Вера Ранина подрабатывала проституцией. Да, при венерическом букете, струпьях на теле и выбитых зубах. Дашин отец, он повесился. Несколько лет назад. Раньше сутенёрствовал на точке, возил туда героин (до крокодила не дожил). «Ну как отец, – объяснила Даша, – хрыч какой-то. С ним мама после моего рождения сошлась. Родила, ей было тринадцать или около того. И вот сейчас какой-то кретин до полусмерти задушил, бутылкой отымел и к горелке привязал. А у неё иммунодефицит… Всё надеялась я раньше, бросит она свою кухню, уедем… Ты знаешь, смерть – это самое лёгкое и безболезненное, что может случиться с человеком». Так мы с ней говорили наедине. Я обняла её. И она ушла. Эля пересела ко мне, не спрашивая. Эля про Веру не знала. У неё – иной интерес.

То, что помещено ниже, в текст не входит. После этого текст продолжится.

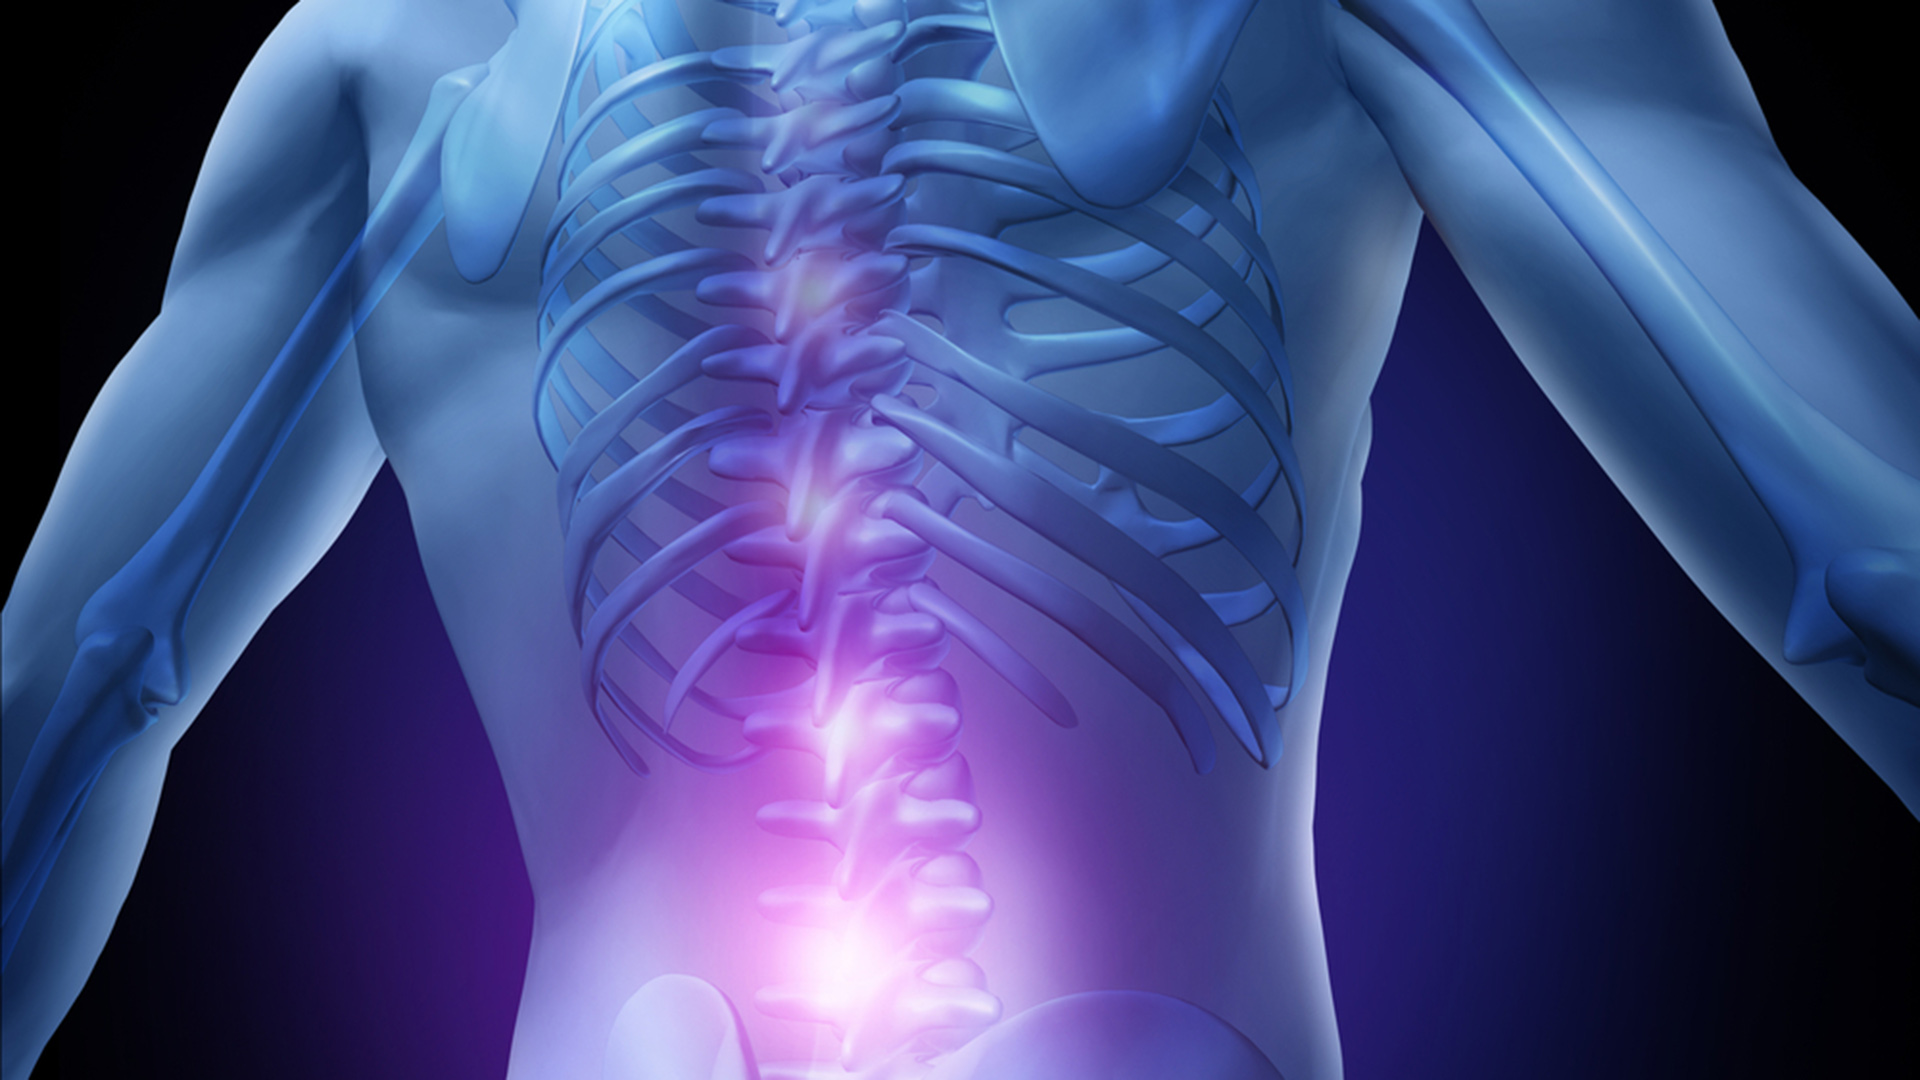 generice de tratament articular artroza și artrita tratament eficient

– Вы странные, – объявила мне без предисловий. – Ты и Марк. Ну, к примеру, парень и девушка. Они держатся за руки. При этом он делает вид, типа такой альфа-самец: «Глядите, я её трахаю». А она тоже балдеет, – взметнулась на пару октав вверх, от баска до писка, – «Глядите, он меня трахает», – ну… вот, посмотришь на вас, выглядит так же. За ручку, глазками. Разве не странно?

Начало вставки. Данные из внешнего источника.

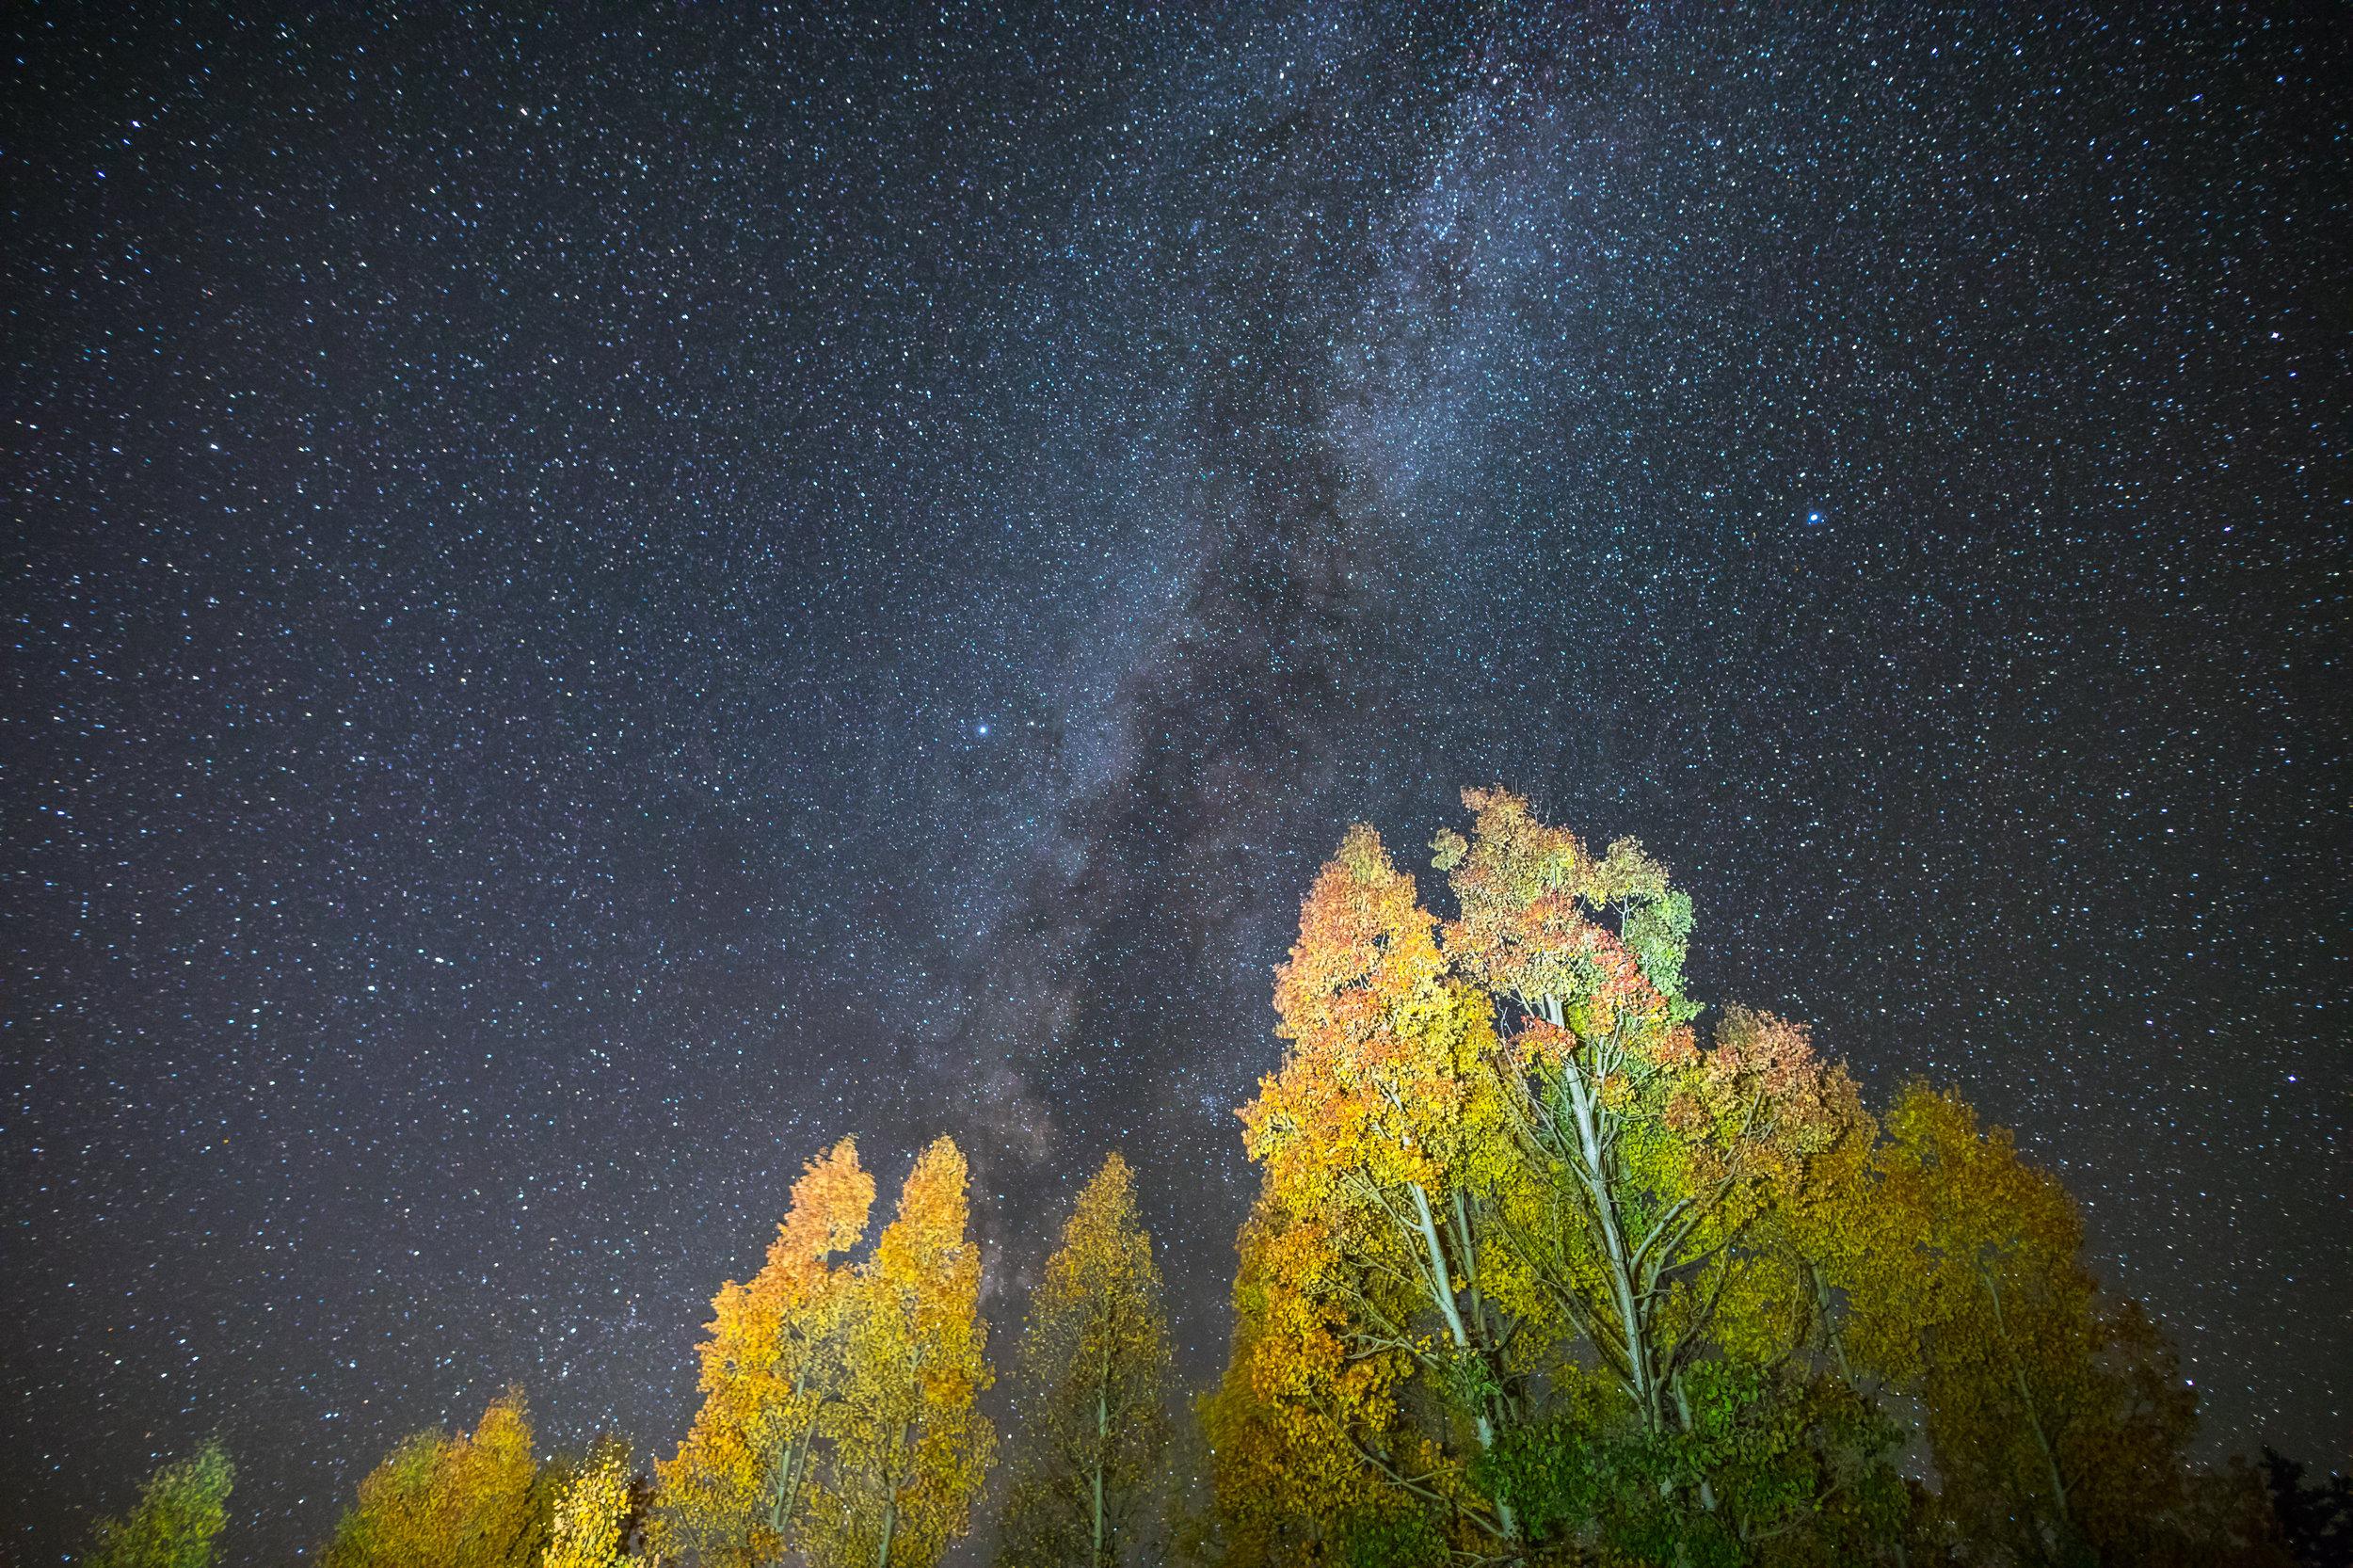 Coal Bank Pass Fall Colors and Milky Way, Image #1801

– Он меня не трахает! – я так возмутилась, что забыла покраснеть. – Ты что такое говоришь? – Эля не умела смущаться в принципе.
– Да знаю, – отмахнулась, придвинулась поближе, – но это круто, будто фильм запретный нашла и тайком от предков смотришь, на дверь оглядываясь. Вы же для нашей школы… как пощёчина. О вас все говорят, на вас и смотрят все, обсуждают и косточки за спиной перемалывают. Вы пялитесь друг на друга, как будто вокруг нет ничего, но это вокруг, оно есть, и оно – не спит.
– Стивенкинг какой-то, – слитно сглотнула я. Класс зудел, как пчелиный улей: туда-сюда ходили пары девчонок, мальчишки играли в волейбол тряпкой для доски. Кто-то выбивал из кого-то дурь, учебником по голове. Кто-то копался в тетрадях на учительском столе. Или воровато правил оценки в журнале. Под защитой напарника на шухере.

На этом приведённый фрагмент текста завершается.